II.        Le critère applicable à l’injonction interlocutoire

[18]           Le critère bien établi pour prononcer une injonction interlocutoire est énoncé dans l’arrêt de la Cour suprême du Canada RJR‑MacDonald Inc. c Canada (Procureur général), [1994] 1 RCS 311, au paragraphe 43. La partie qui sollicite une injonction interlocutoire doit établir :

i)         qu’il existe une question sérieuse à juger;

ii)       qu’elle subira un préjudice irréparable si une injonction n’est pas accordée;

iii)     que la prépondérance des inconvénients, compte tenu de l’ensemble des circonstances, favorise l’octroi de l’ordonnance.

[19]           Le critère est conjonctif, et les trois volets du critère doivent être établis pour obtenir une injonction interlocutoire.

A.        Question sérieuse à juger

[20]           Les parties s’entendent pour dire qu’il existe une question sérieuse à juger.
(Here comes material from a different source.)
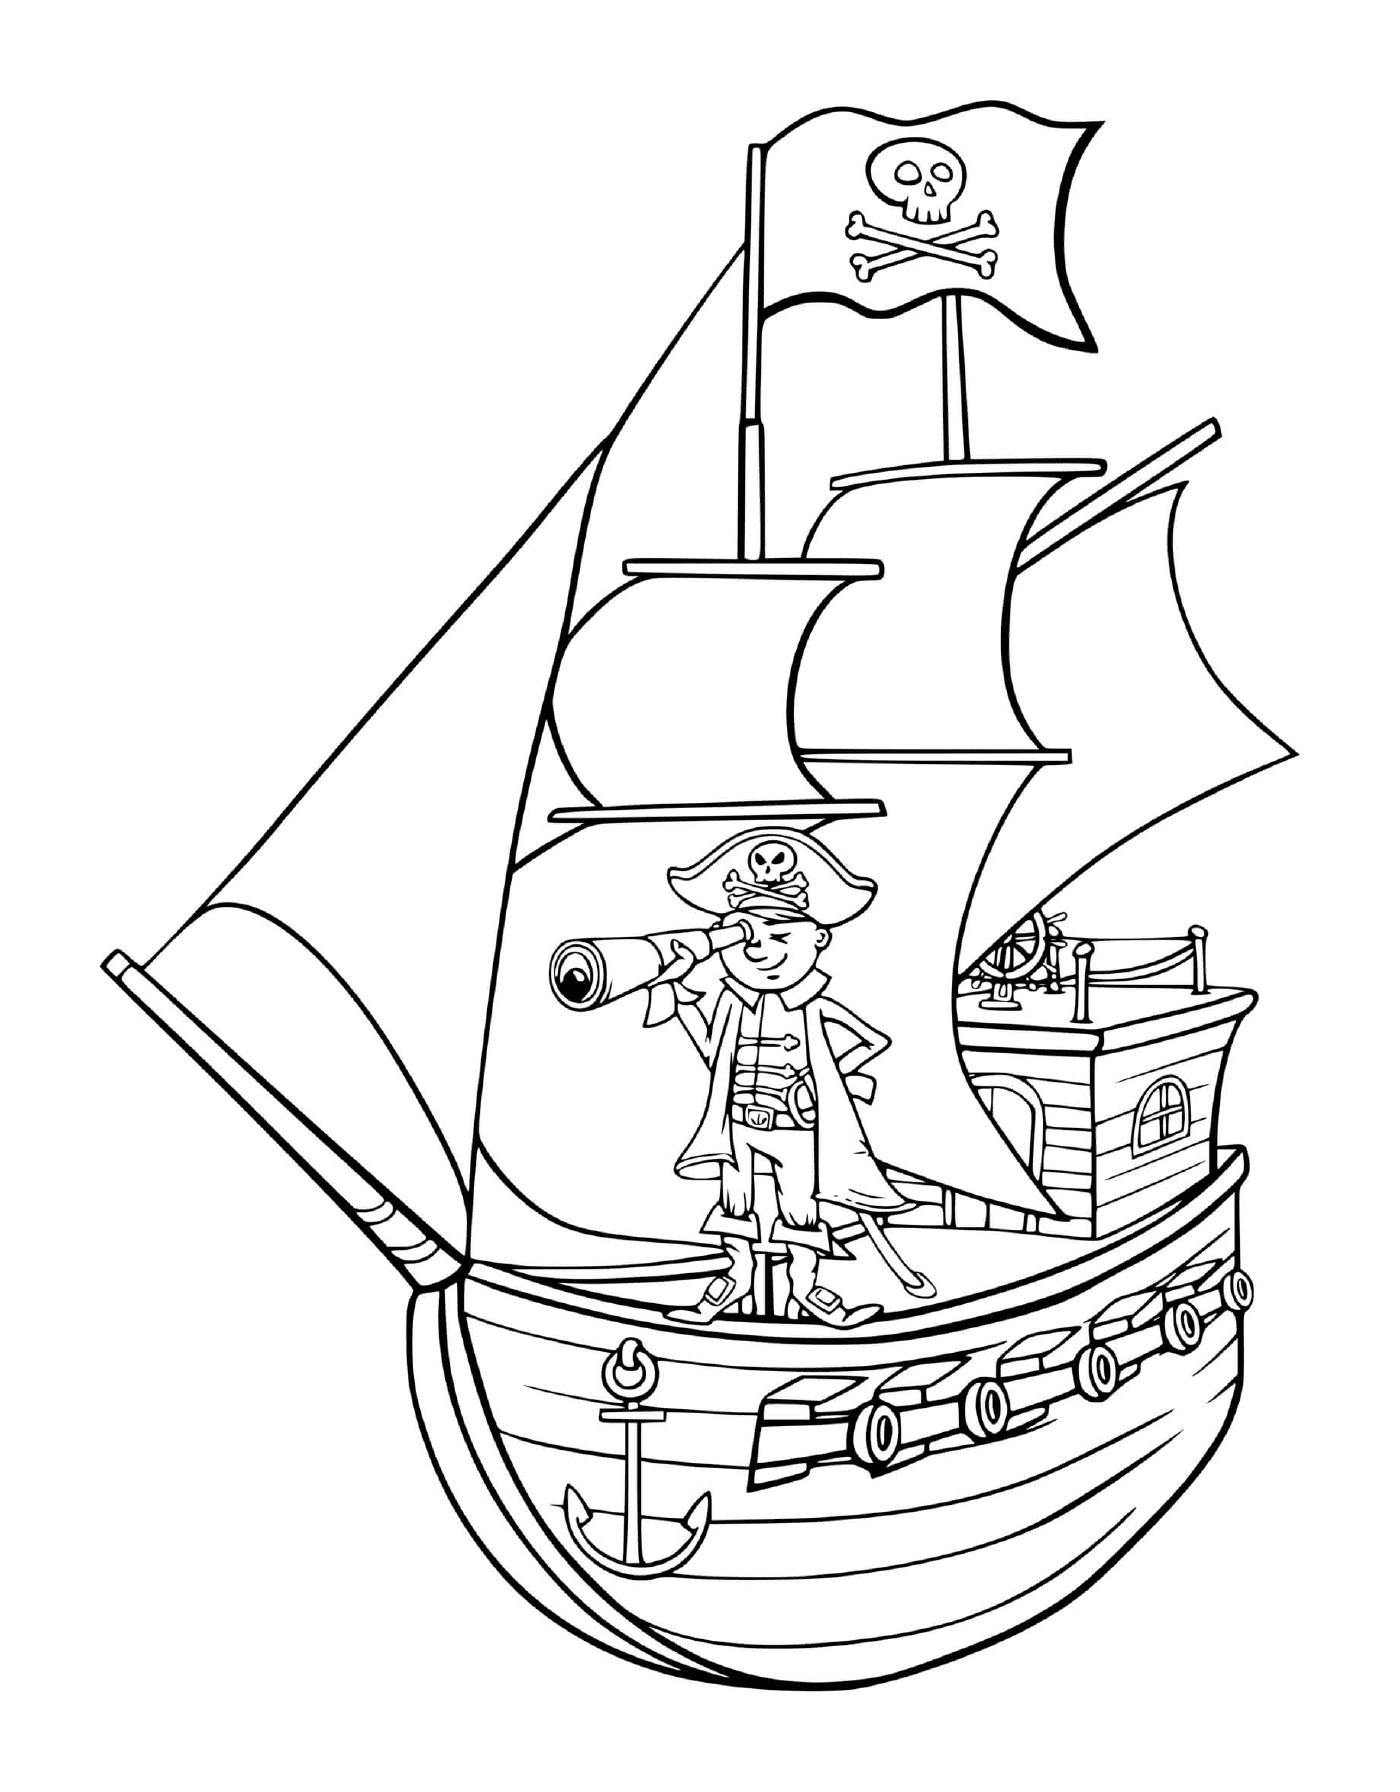   Un pirate sur un bateau 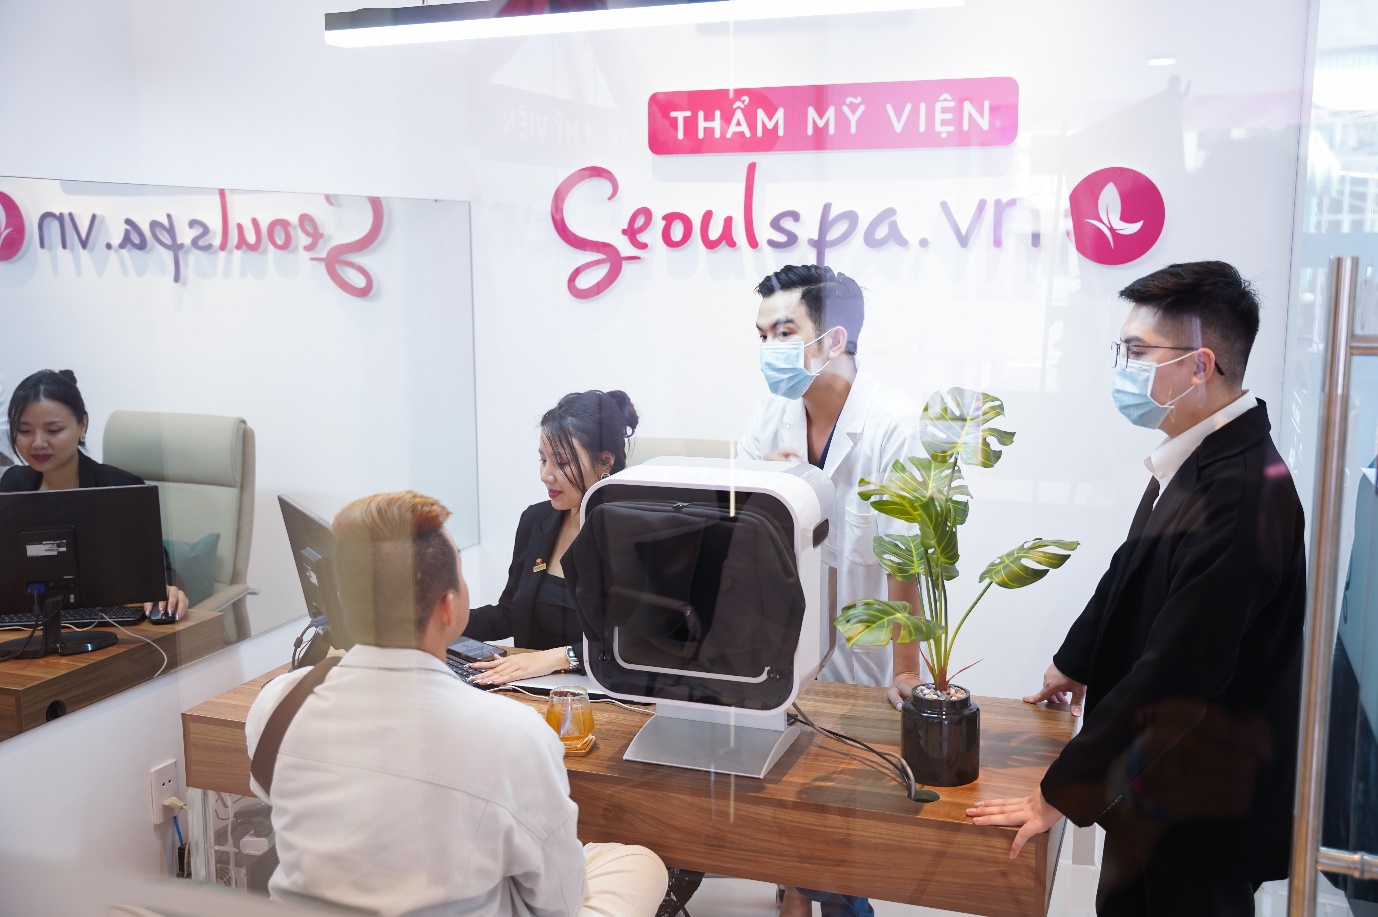 Seoul Spa Quảng Ngãi chiếm trọn “Spotlight” sau sự kiện khai trương với ưu đãi đến 1 tỷ đồng - 3

La réglementation des pêches du Canada et l’obligation de consultation et d’accommodement de la Couronne à l’égard des droits de pêche et de vente de poisson des Premières nations soulèvent des questions sérieuses (Ahousaht, aux paragraphes 26 à 28).

B.        Préjudice irréparable

[21]           Les demanderesses soutiennent que, si l’injonction interlocutoire n’est pas prononcée :

a.    les stocks de hareng pourraient en souffrir et que la décision d’ouvrir la pêche leur cause donc un préjudice;

b.    une occasion unique de prendre des mesures d’accommodement à l’égard de leurs droits de pêche ancestraux établis à la suite d’une longue fermeture de la pêche sera perdue.

[22]           Les demanderesses doivent établir que le préjudice irréparable allégué est réel et important, et la preuve exigée pour établir le préjudice irréparable doit être claire et ne pas reposer sur des conjectures. Il ne suffit pas de supposer qu’un préjudice irréparable « pourrait » se produire (United States Steel Corporation c Canada (Procureur général), 2010 CAF 200, au paragraphe 7).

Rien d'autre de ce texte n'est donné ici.